(DATA EXCERPT Opens)

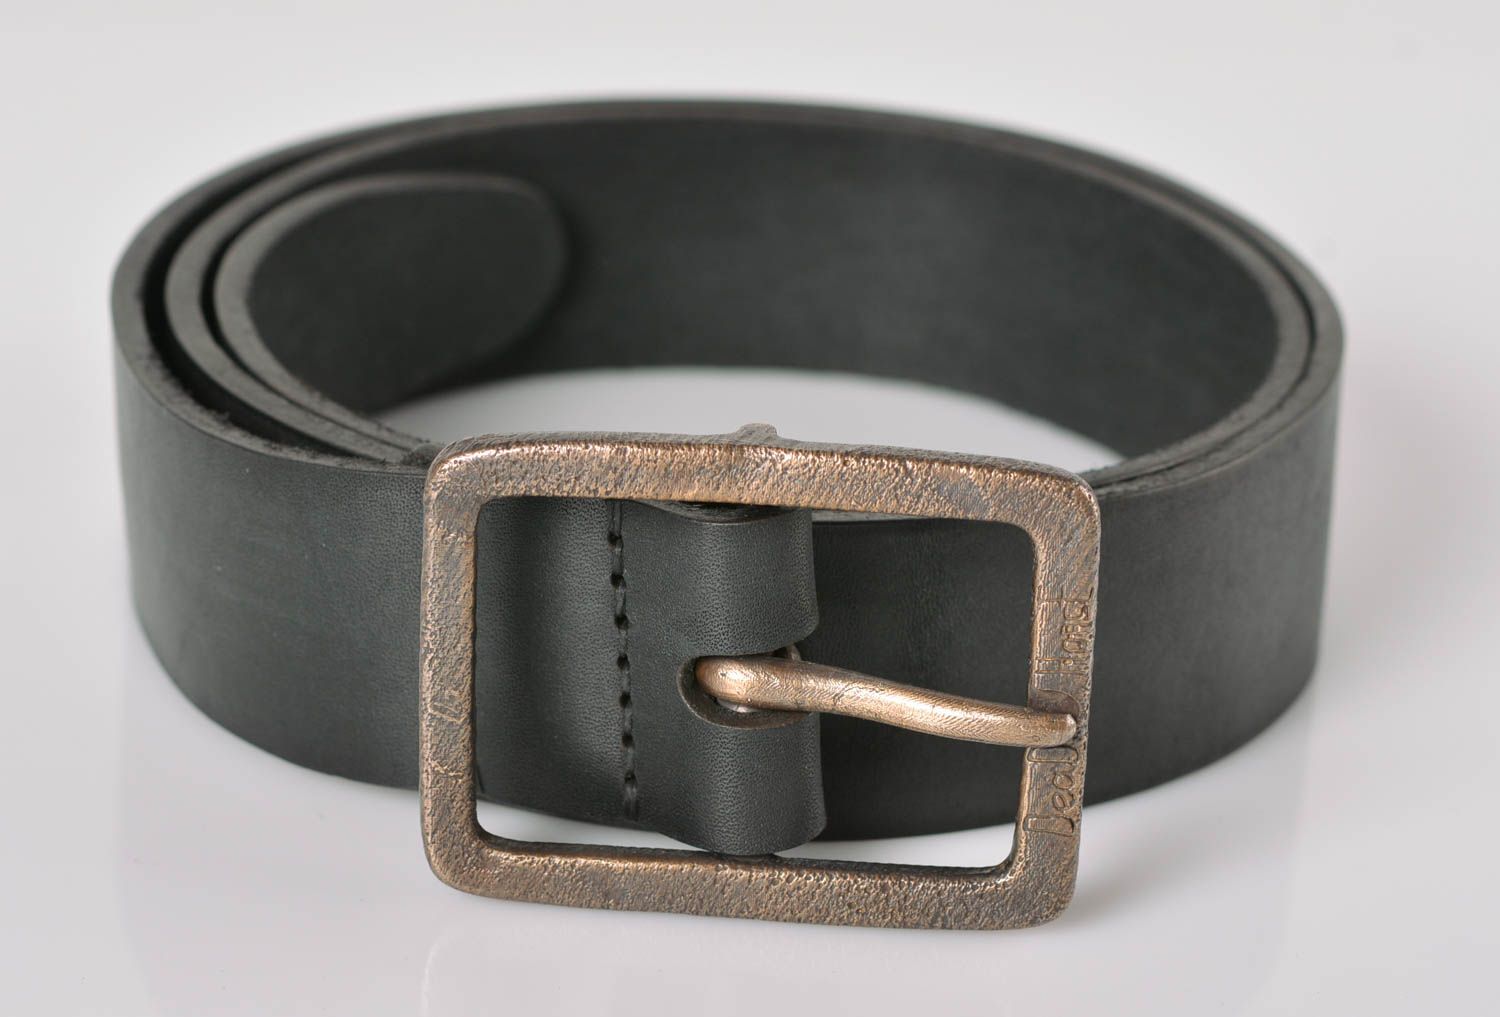 Cinturón de cuero artesanal ropa masculina estilosa original accesorio de moda foto 1
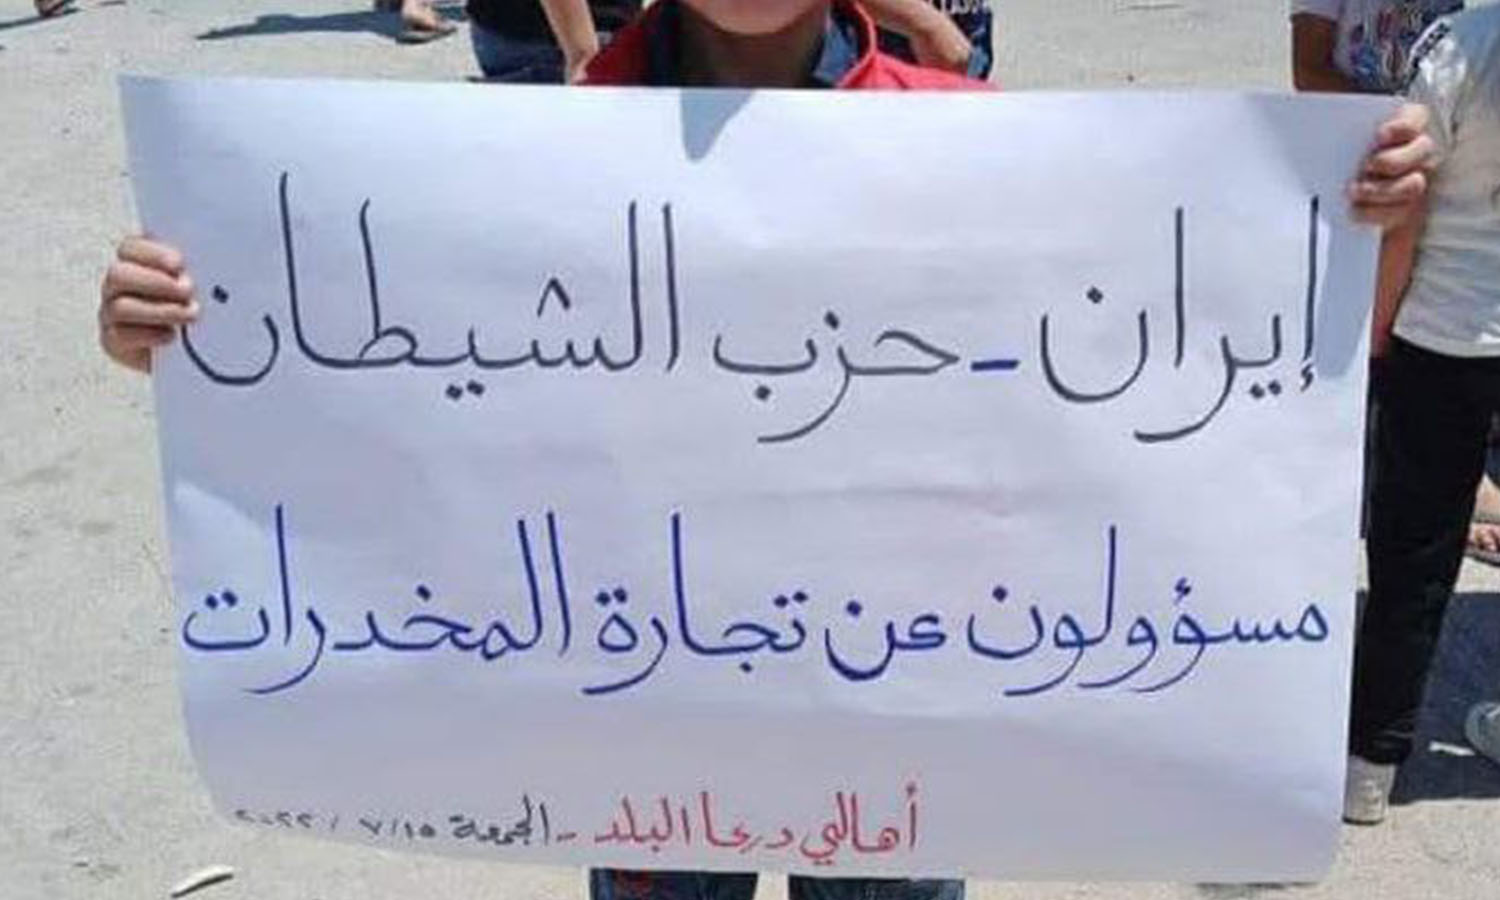 إحدى اللافتات التي رفعت في مظاهرة درعا البلد-15 من تموز 2022 (تجمع أحرار حوران)
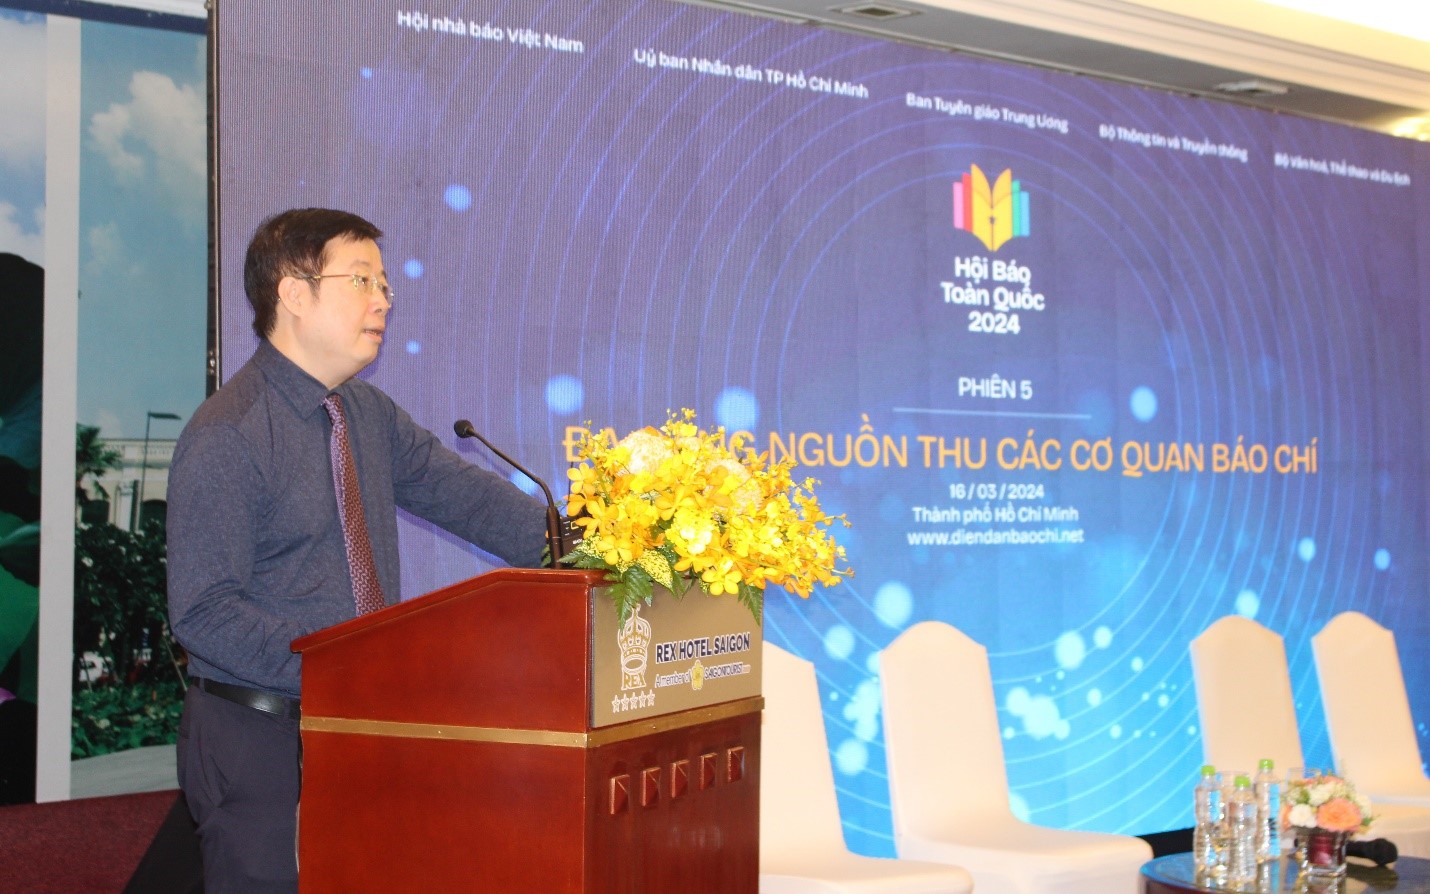 Thứ trưởng Bộ Thông tin & Truyền thông Nguyễn Thanh Lâm cho biết: Nhà nước có vai trò quan trọng bên cạnh việc quản lý xã hội, nhà nước cũng thể trở thành khách hàng lớn với báo chí đặt hàng, đặc biệt là truyền thông chính sách.

(DATA EXCERPT Closes)

_EXERCISE DETAILS_
Write out the data above exactly, minus any images.

_SOLUTION TO THIS PROBLEM_
 Cinturón de cuero artesanal ropa masculina estilosa original accesorio de moda foto 1
 إحدى اللافتات التي رفعت في مظاهرة درعا البلد-15 من تموز 2022 (تجمع أحرار حوران)
 Thứ trưởng Bộ Thông tin & Truyền thông Nguyễn Thanh Lâm cho biết: Nhà nước có vai trò quan trọng bên cạnh việc quản lý xã hội, nhà nước cũng thể trở thành khách hàng lớn với báo chí đặt hàng, đặc biệt là truyền thông chính sách.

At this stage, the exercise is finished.